Madewell has shown a commitment to ethical and sustainable practices in recent years. However, it lacks supply-chain transparency and has yet to make an earnest effort to address all workers’ living wage issues. Overall, Madewell’s ethics appear to be rooted in good intentions but lack integrity.

We hope that Madewell has taken to public pressure merely to assure its customers that its practices are ethical and sustainable, not to fool its customers into thinking such. But time will tell. Meanwhile, the mystery is yours to decipher, and we hope this article gives you a different perspective on ethics to consider.

Ethics in the Modern World

We live in a time where social media and corporate platforming have worked in conjunction to turn all of us into a society that judges a book by its cover. 

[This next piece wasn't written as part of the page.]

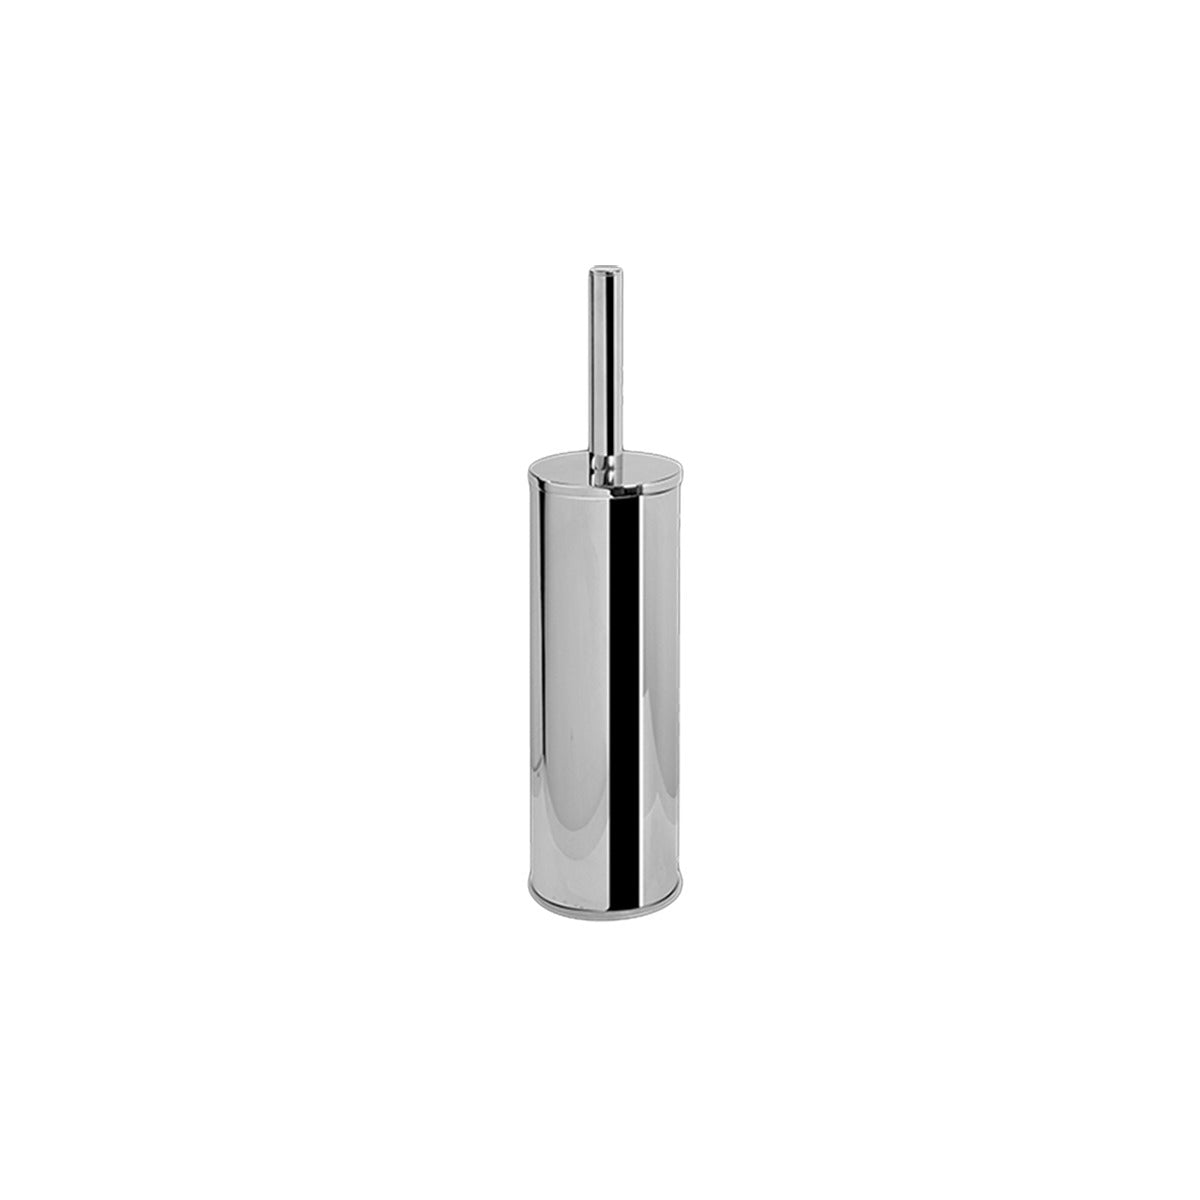 Graff Luna Free Standing Toilet Brush, Available in Polished Chrome & Satin Nickel. Please see order options

You, and your friends, your family, your co-workers, your company, your neighbor’s cat–anyone with access to the internet–can list every group with whom you associate and state your declared ambitions–“I’ve been involved with for years to help combat the xyz issue in other countries!”–but strangers aren’t going to know the real you just by reading that.

We tend to forget the vastly-public image that social media allows us was nowhere near the norm of how advertising was communicated and how company image was once perceived. Public image was built with time–and character was defined in the work you did, the product you made, the action you took–and its result. And to be successful, this often required genuine integrity.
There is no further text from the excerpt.